» **Records supplied**:

——————

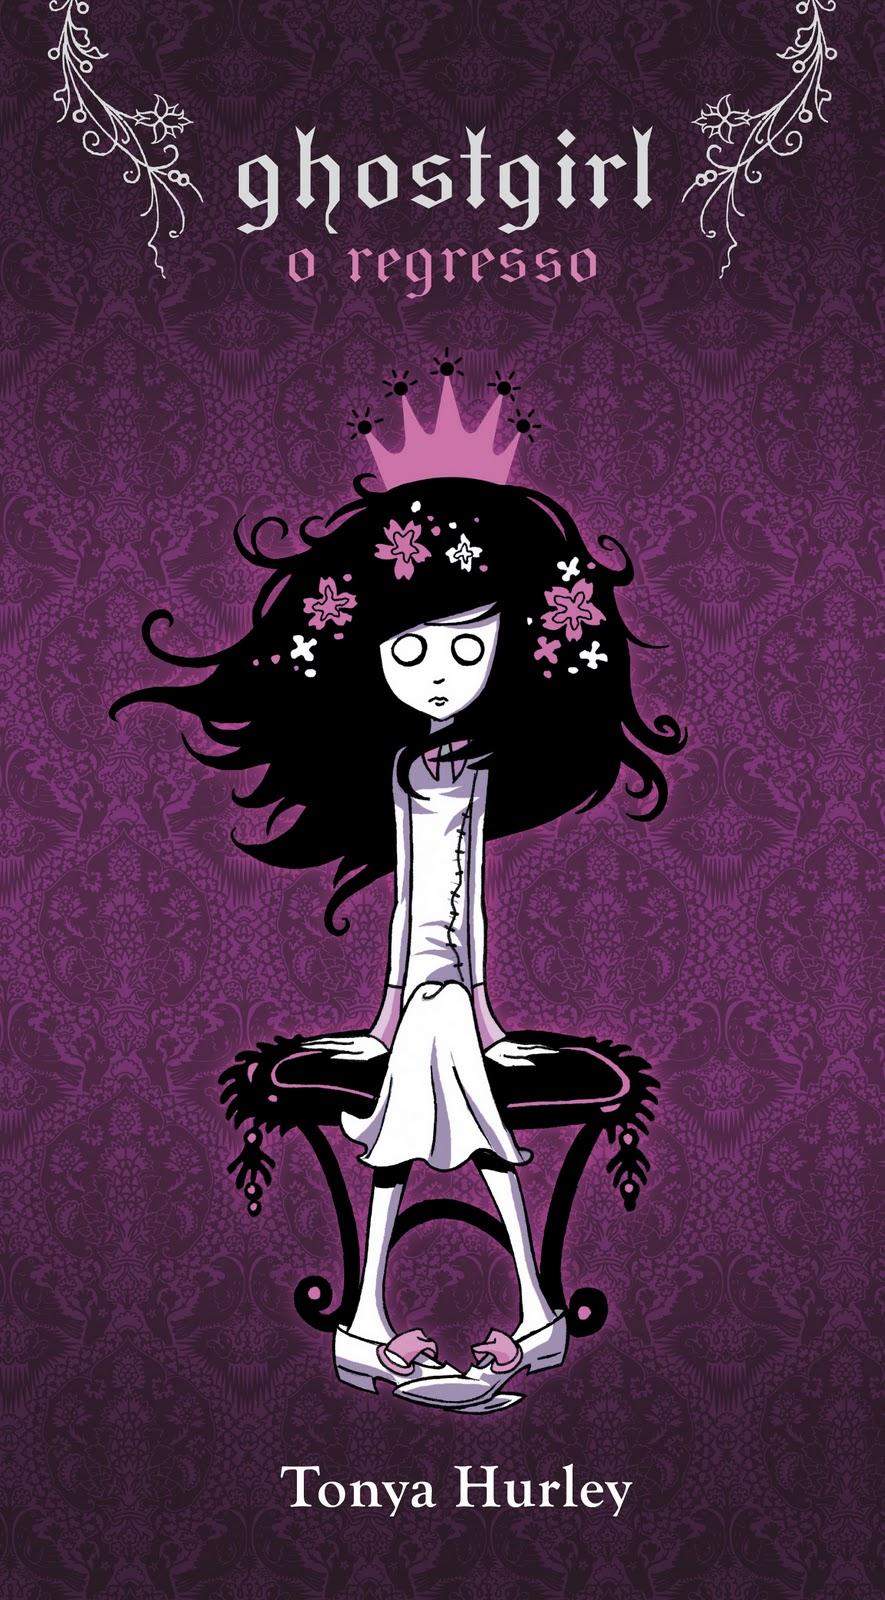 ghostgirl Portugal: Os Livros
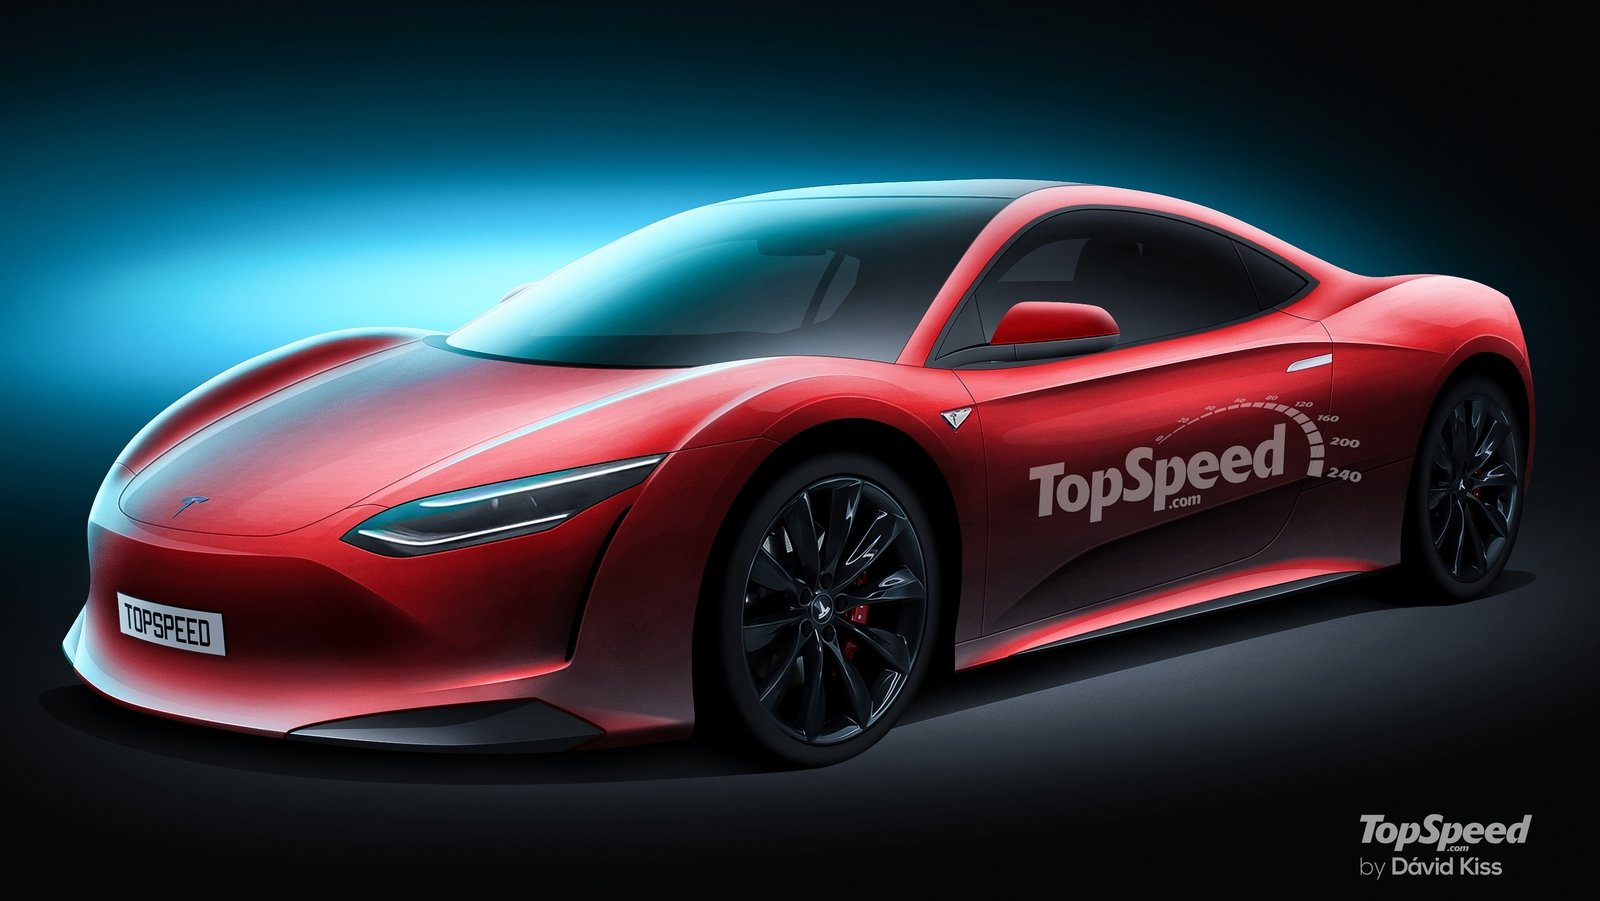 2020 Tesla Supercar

——————

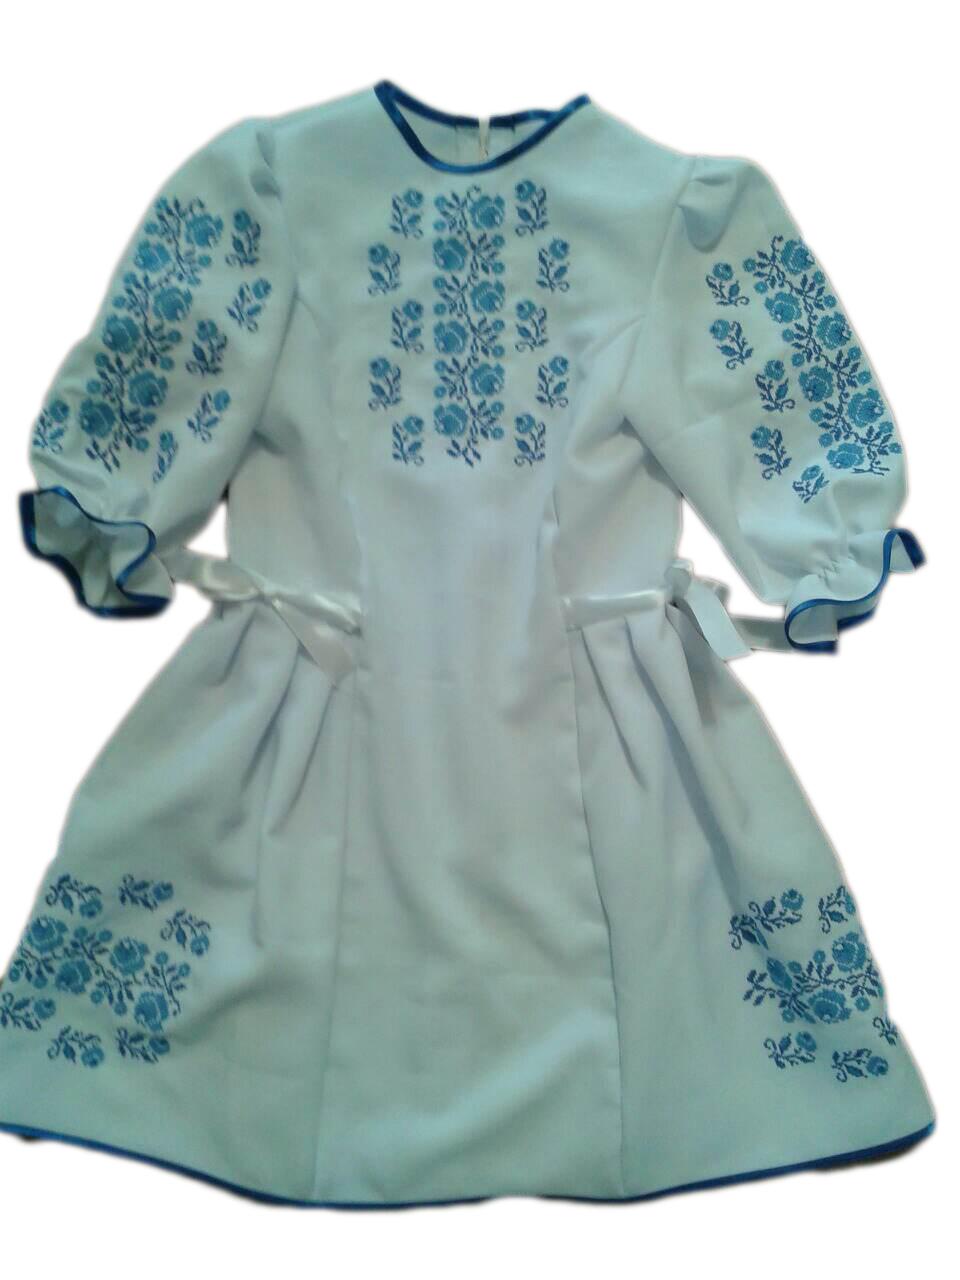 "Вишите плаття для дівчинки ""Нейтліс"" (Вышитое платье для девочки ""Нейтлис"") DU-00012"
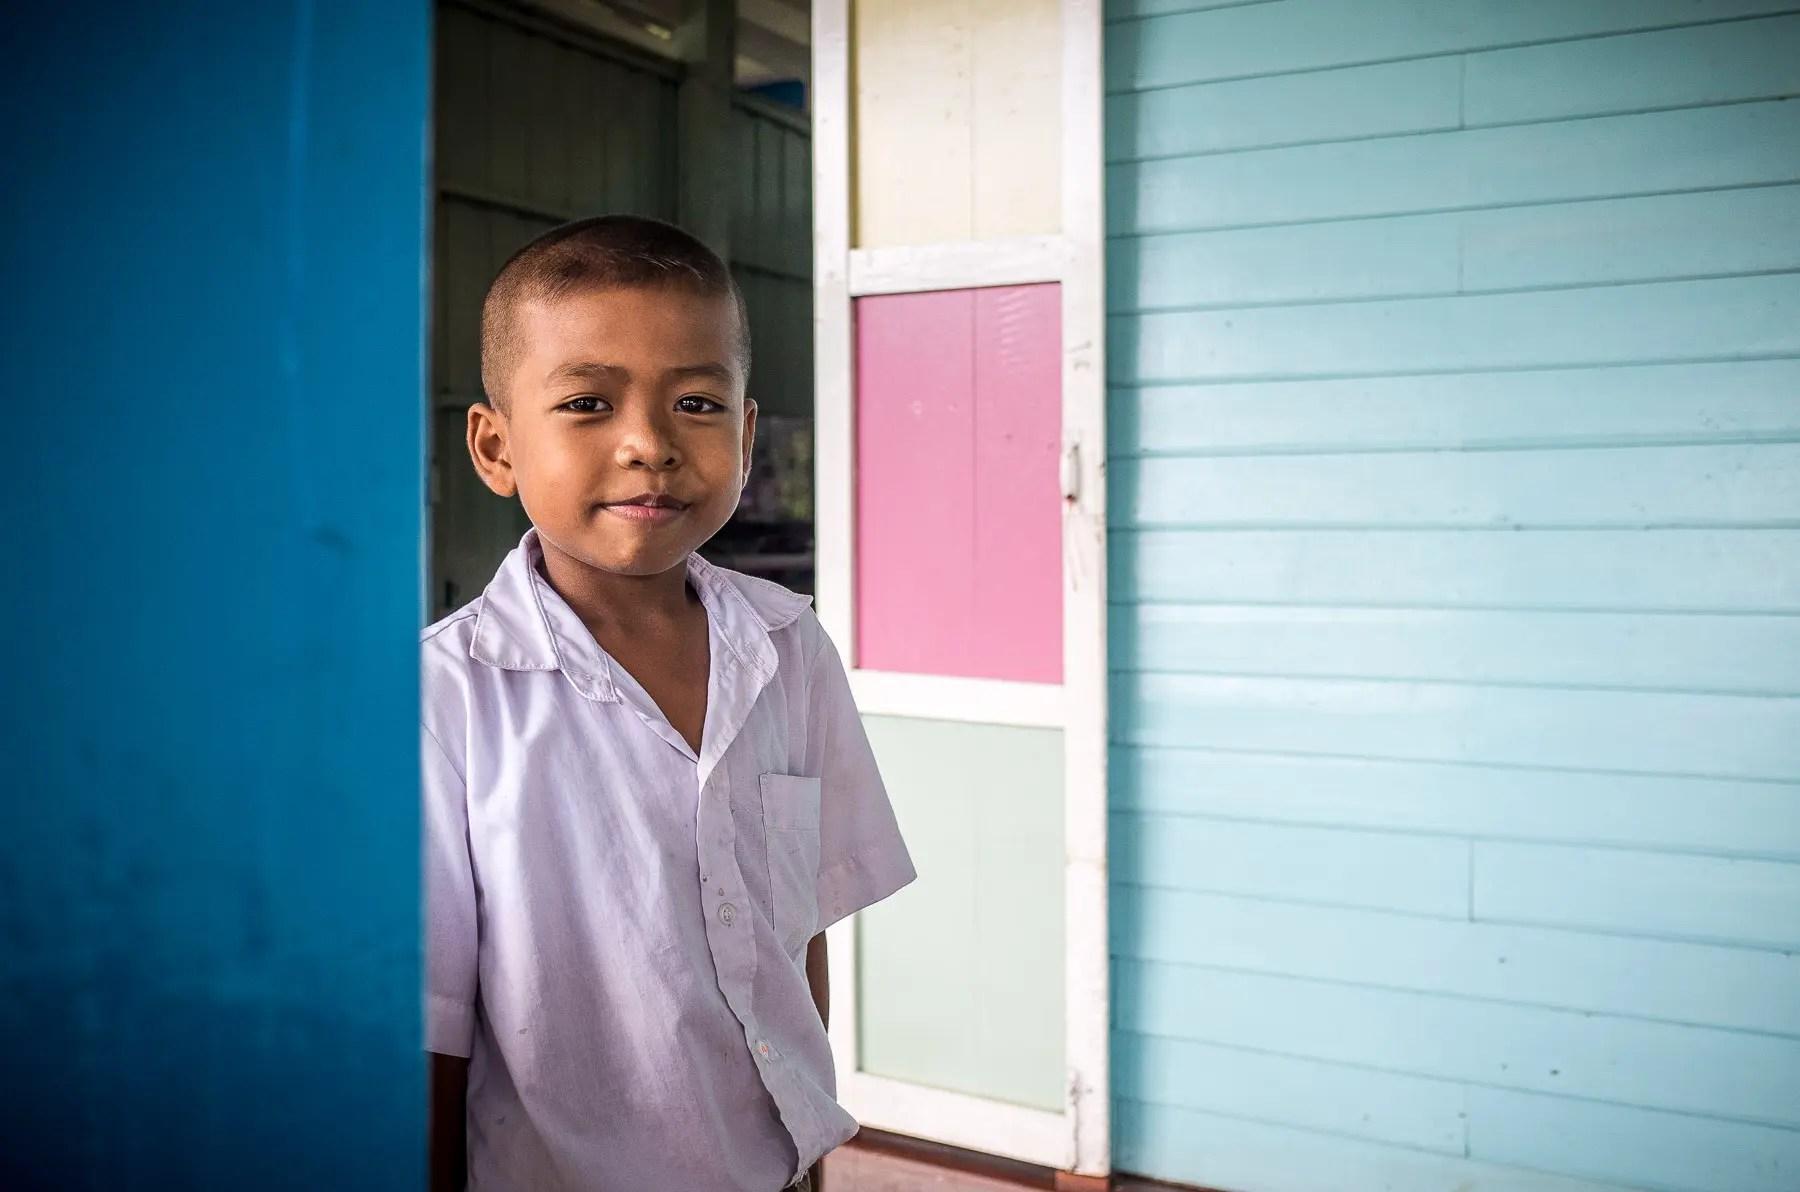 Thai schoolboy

——————

» **Prompt**: With the pictures left out, write out exactly the lines above from the one containing "ghostgirl Portugal: Os Livros" through the one containing "2020 Tesla Supercar".

» **Task output**:
 ghostgirl Portugal: Os Livros
 2020 Tesla Supercar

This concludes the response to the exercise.